- **Work request**: Pictures are to be left out; every line from the one that holds "St. John’s wort" to the end of the data is to be retyped exactly.

- **Provided material**:
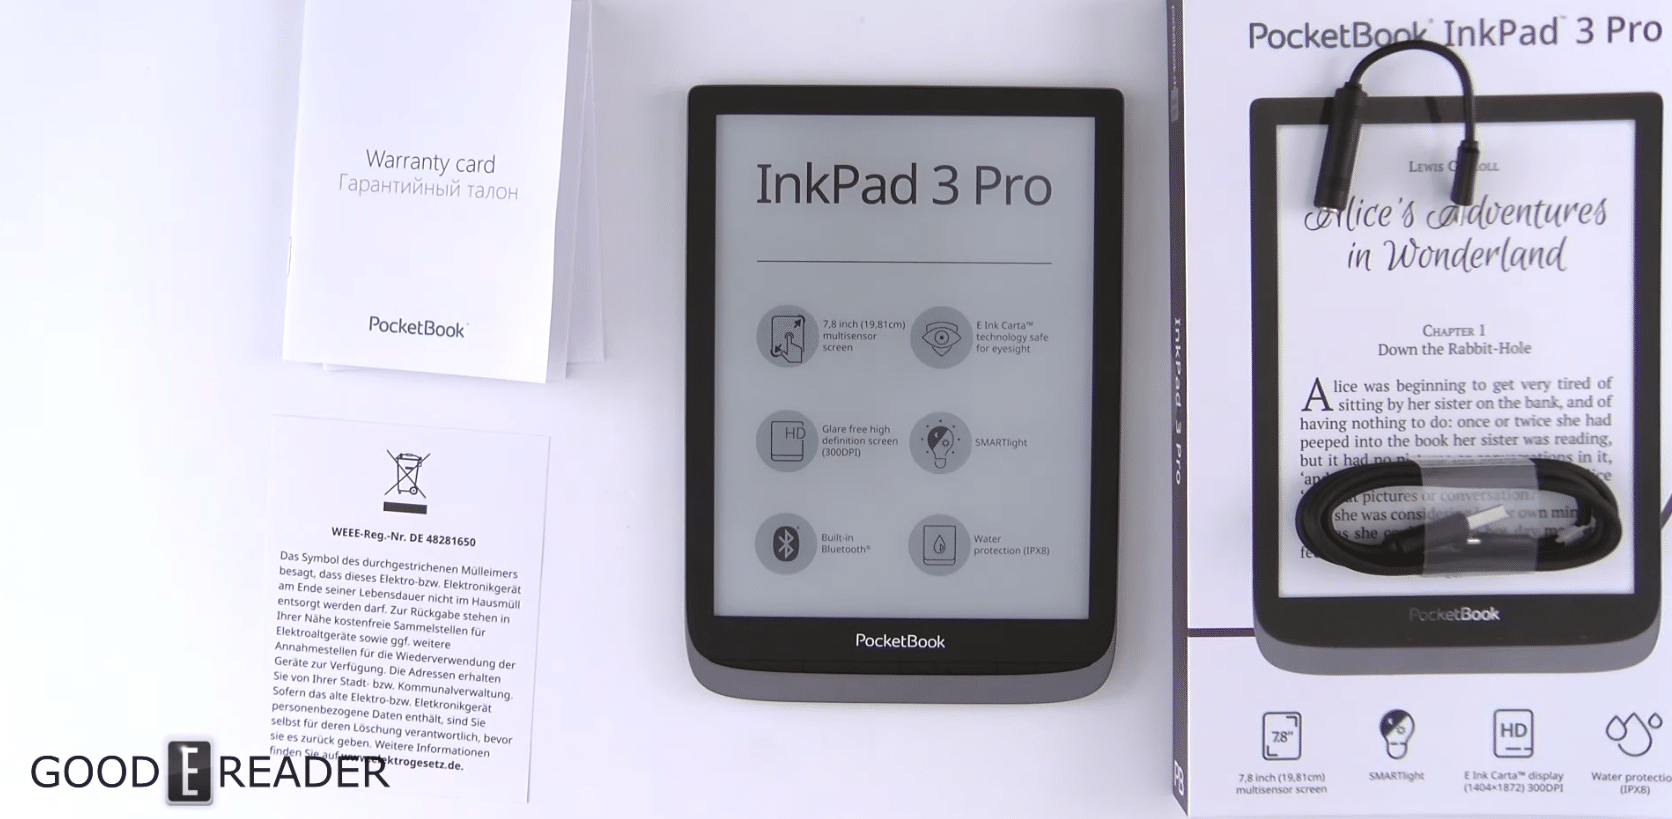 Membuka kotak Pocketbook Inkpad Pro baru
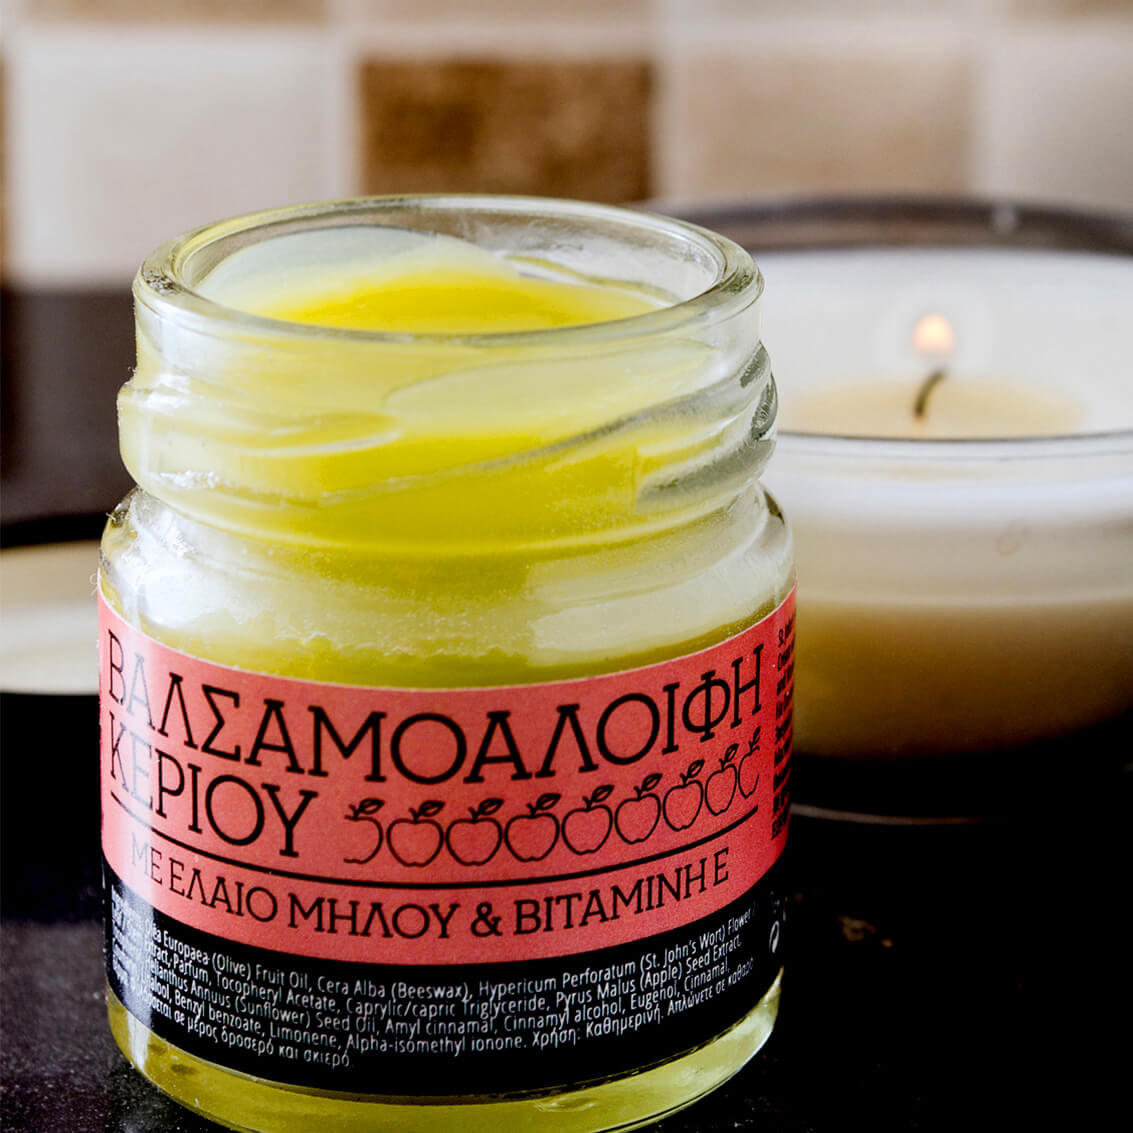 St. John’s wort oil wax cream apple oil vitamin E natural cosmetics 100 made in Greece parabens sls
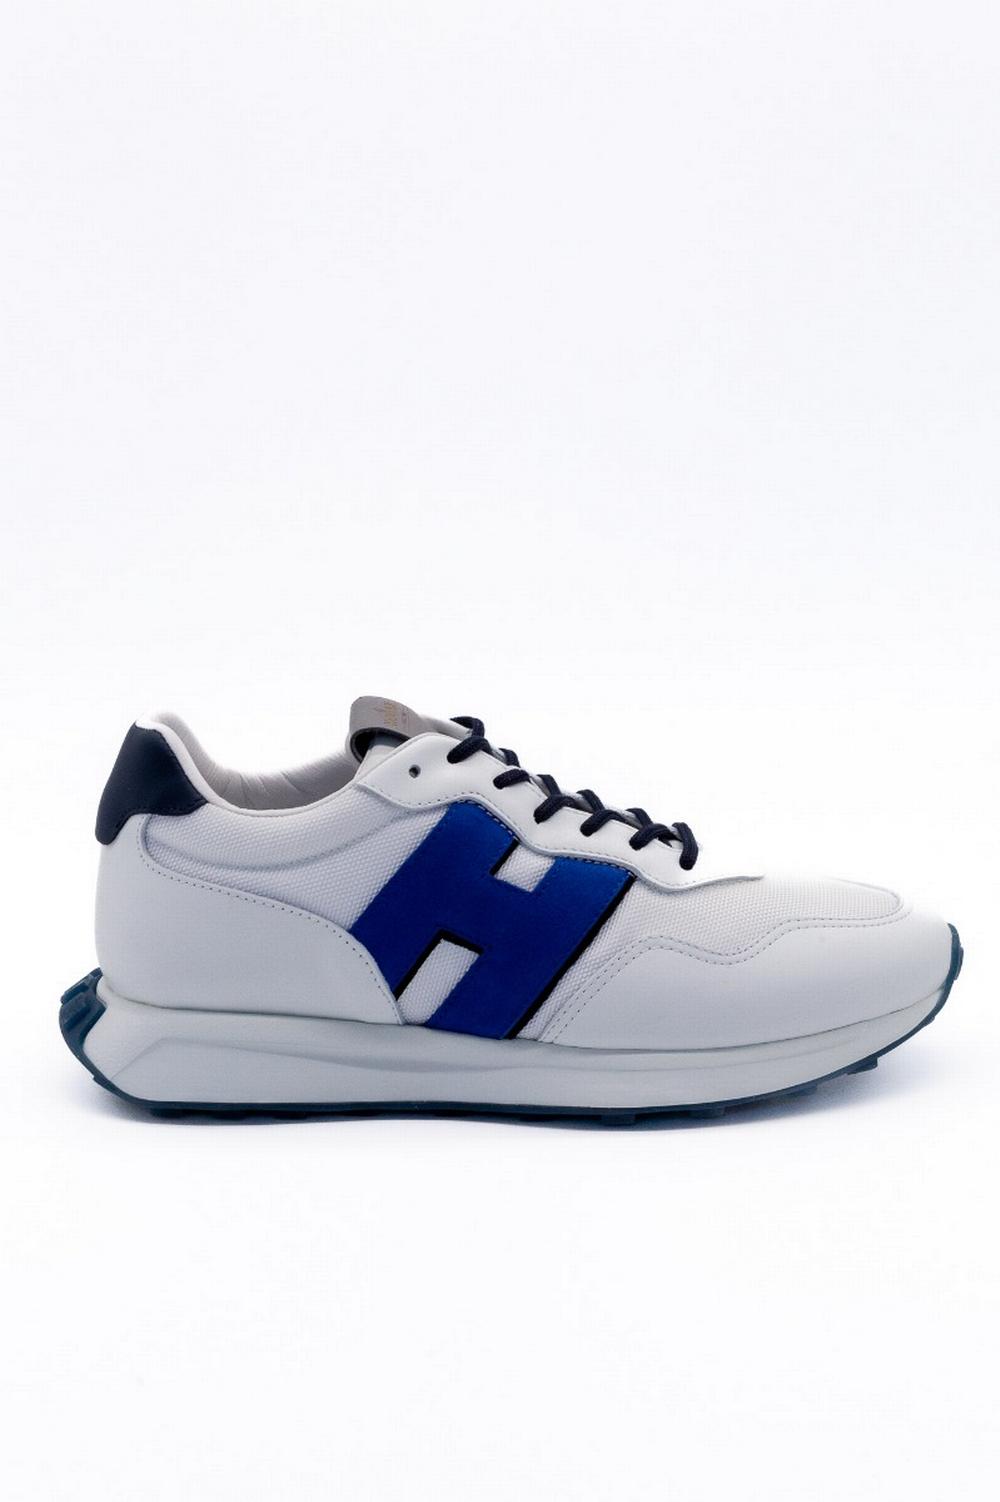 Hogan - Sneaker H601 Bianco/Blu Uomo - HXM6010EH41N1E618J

- **Written reply**:
 St. John’s wort oil wax cream apple oil vitamin E natural cosmetics 100 made in Greece parabens sls
 Hogan - Sneaker H601 Bianco/Blu Uomo - HXM6010EH41N1E618J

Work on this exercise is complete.